In this specific case, if the reason for the difference is due to changing grading standards, then maybe there wouldn’t be a difference, simply because this is a 1/auth either way.

Naturally, if it’s a situation where a shiny new case is more valuable simply because it’s new and shiny, and you’re decades away from selling, then waiting makes total sense.
Effectively both. It begins with the perception that todays standards are better, and people gravitate to that. Whether it is true or not doesn't seem to matter. It pushes down into the lower grades as the thing to have (a 1 from 20 years ago doesn't fetch the same as a 1 graded now, and a 1 graded by PSA sells higher than a 1 from SGC or a raw 1 even if a card is very obviously authentic and a 1).

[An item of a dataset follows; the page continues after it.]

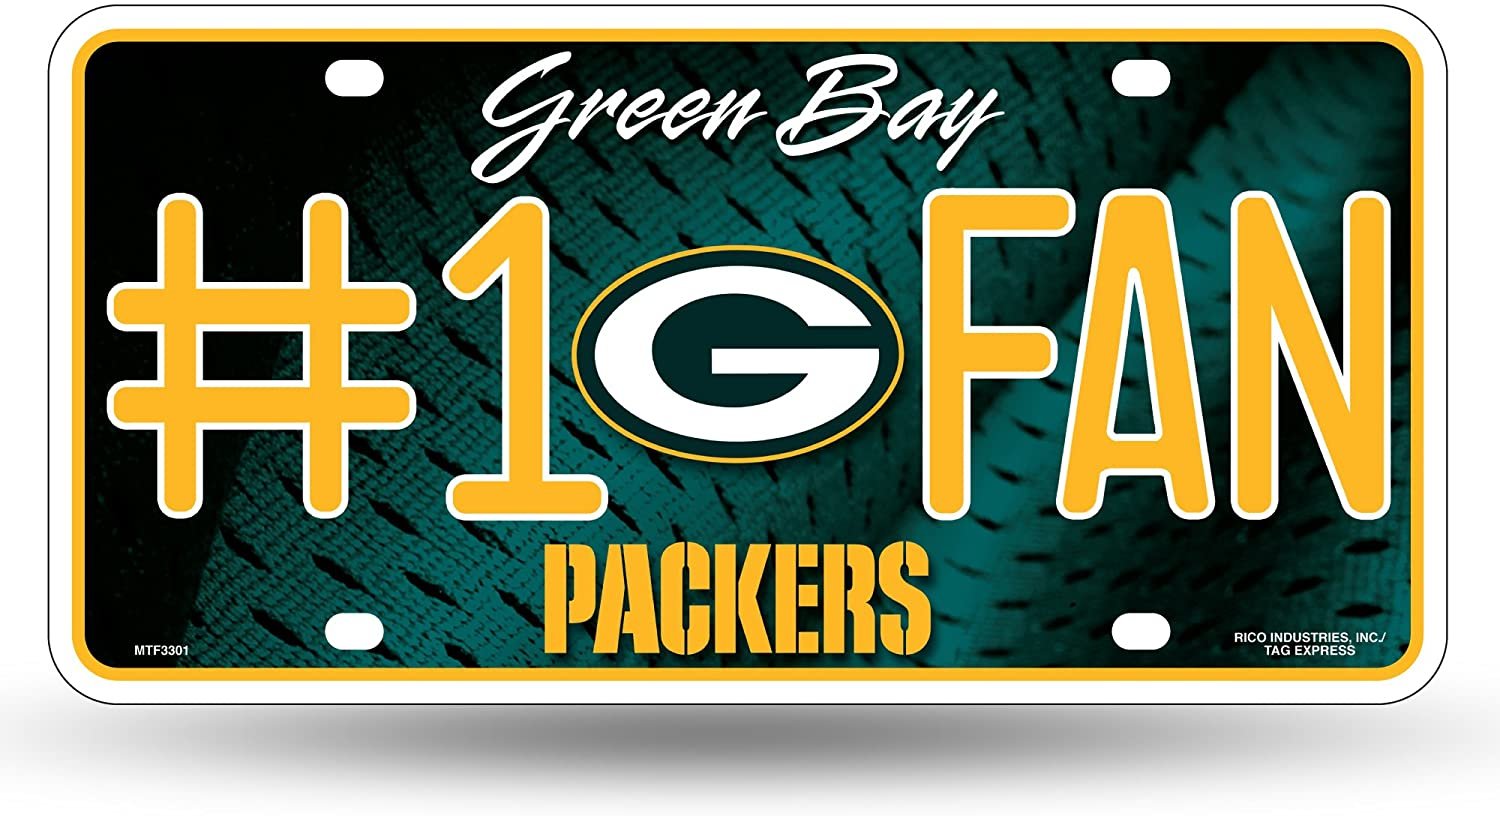 Green Bay Packers Metal Auto Tag License Plate, #1 Fan Design, 12x6 Inch

If there wasn't a slab difference for 1's, people wouldn't need to grade 1's for money at all. I think the grading game is a silly absurdity of a measuring contest and crack all my graded cards (except for a few in my trade bait box that I have raw versions of) personally, but it is what it is. If you're trying to make money, people want the new slab of the time you sell it, and of the top grader at that time. PSA's dominance doesn't look assured with the rise of more serious competition and the clear future direction of computer grading. The money you might save by grading now rather than later as prices increase over time and gambling nothing changes in the future seems more risky than to just hold raw and grade right before you sell off.